YENİ yılla yapılan başlangıçlarda kendi sinema koltuğunuza yerleşip filmi geriye sarmayı denersiniz. Yaş aldıkça da zaman daha çabuk koşmaya başlar, yaşam uzarken içindeki her yılın payı da küçülür çünkü.
İşte gazeteci de böyle bir ruh hali içinde geçmişi seyrederken, en unutulmadık anılarım hangileridir diye sorgularken, nedense sık sık Benazir’i düşünürken, Zülfikar Ali Butto’nun kızını öldürdüler.
Epey yıl önce gazeteci de Benazir’in bir metre ötesinde hayati tehlike atlatmış olduğundan, ölüm haberini cool karşıladı.

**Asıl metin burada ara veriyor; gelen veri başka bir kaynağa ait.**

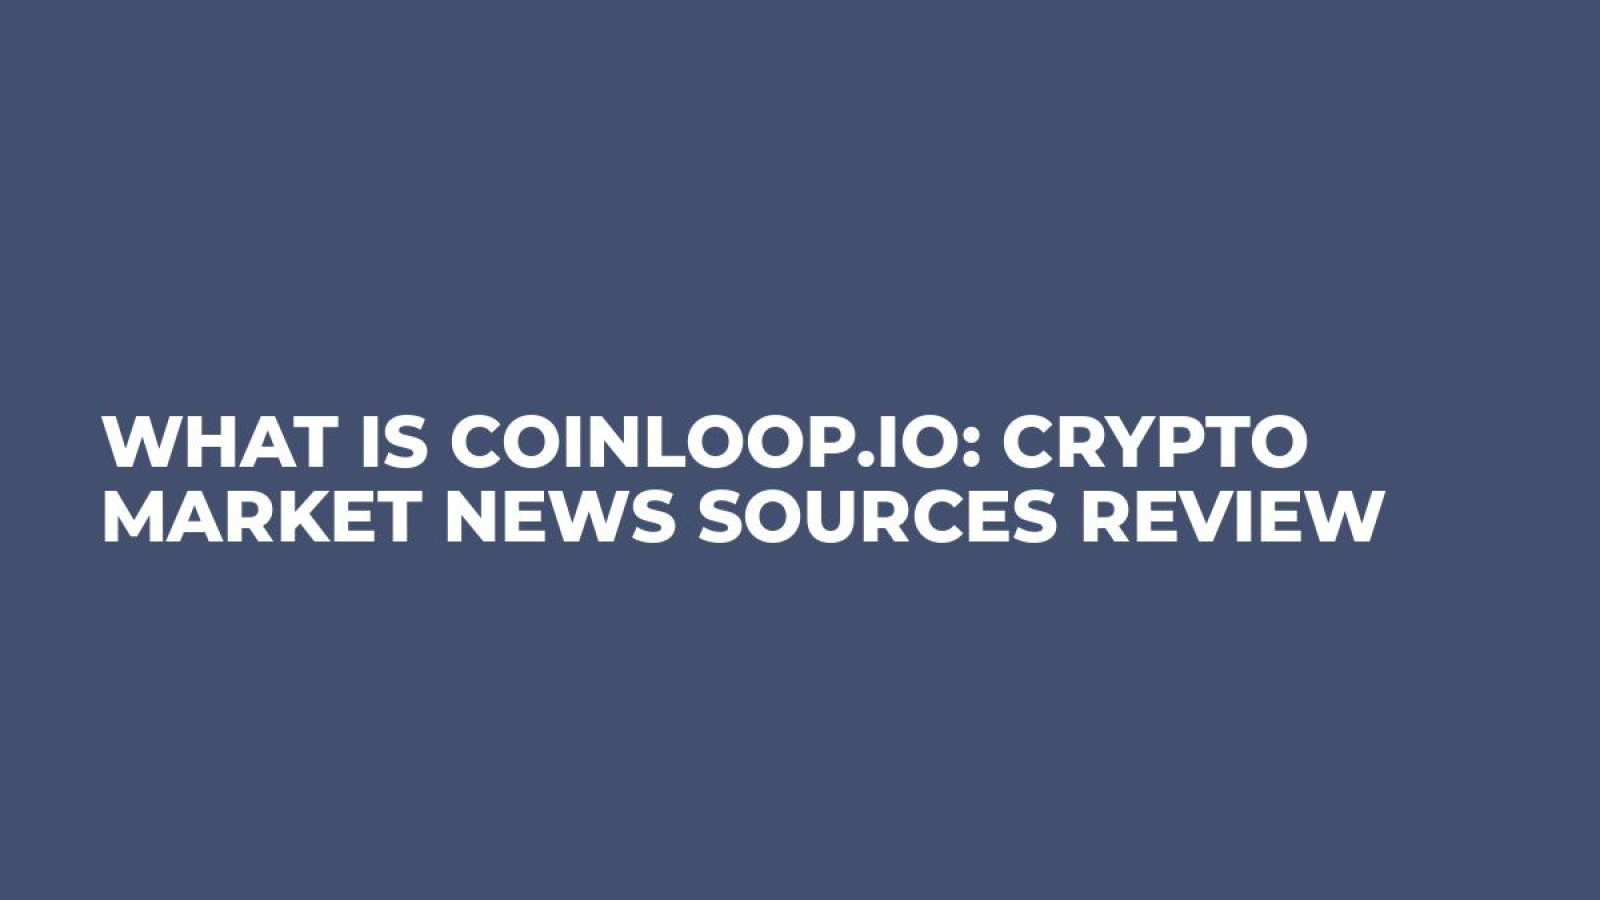 What is Coinloop.io: Crypto Market News Sources Review

Önce Benazir’in ölümünü "Pakistan’da demokrasiye darbe" diye yorumlayanları şaşkınlıkla dinledi, Pakistan’da demokrasi vardı da onun mu haberi yoktu, sonra Pakistan üzerinden verilen Rusya-ABD güç kavgasını, enerji dağıtım yolları üzerinde olmanın bedelini düşündü.
Ama gazeteci en çok Pakistan-Hint sınırındaki Moultan şehrinde yaşadığı hayatının en büyük travmasını hatırladı. 18 yıl önce, mesleğiyle ve hayatla muhasebeleşmesini yaptığı yere geri döndü.
* * *
Pakistan’da seçim var, Benazir aday. Birisi gidip röportaj yapmalı onunla, istihbarattaki arkadaş dil de biliyor, kadın kadına konuşurlar hem de, onu gönderelim. Genç muhabir Pakistan nasıl bir yer, orada kim var tanıdık, hiç düşünmüyor. Butto’nun Karaçi ofisini arıyor, randevuyu alıyor ve elinde fotoğraf makinesi atlıyor uçağa.
Karaçi’deki bir haftanın sonunda orada randevu kavramının henüz yerleşmediğini anlıyor. O vakit ne yapmalı? Benazir’in özel kalemi, "En iyisi Moultan’a git, Benazir de oraya gelecek, uçaktan inince görüştürürüz seni" diyor. Gazeteci Moultan’a gidiyor. Benazir’i karşılamak için 300 bin kişinin yola döküleceğini, yattığı otelde ise önceki gece bir İngiliz sosyoloğun odasında öldürüldüğünü öğreniyor.
Ertesi gün havaalanına doğru aynı takside dev gibi iki Amerikalı kameramanla yola çıkıyor. Bunlar korur beni diye düşünüyor. Ama yol tıkanıyor, kameramanlar iniyor. Gazeteci kalabalığın içinde önce kayboluyor. Binlerce kişinin içinde tek kadın, sürekli tacize uğruyor. Nasılsa konvoyun tam yanına geliyor, Benazir’e "Beni alın" diye işaret ediyor, ama konvoy durmuyor.
Konvoyun peşinden koşuyor, bir eve girdiklerini görüyor, evin bahçesinde kalabalığı yararak ilerliyor, izdihamdan cam kapı kırılıyor, o sırada kalabalık gazeteciyi sıkıştırıp üstünü başını parçalamaya kalkıyor. Gazeteci kırık camların arasından üzerinde Long Live Butto yazan tişört giymiş korumayı görüyor, o yazının üzerine kafa atıyor, kendini içerde buluyor. Oxford mezunu basın danışmanı gazeteciye su getiriyor.
Röpörtaj yapılıyor, resim çekiliyor, bu sefer gazeteci de konvoyda, çocuklar araçların üzerinde salkım saçak, sürekli kazalar oluyor, çocukların kemik çatırtılarının sesini duyuyor gazeteci.
Benazir makyajını tazeliyor, kürsüye çıkıyor. Gazeteci Pakistan’da ölümle hayatın her yerden daha yakın durduklarını görüyor. Ülkesine dönüyor, toprağı öpüyor. Röportaj Zeynep Göğüş imzasıyla bire manşet oluyor.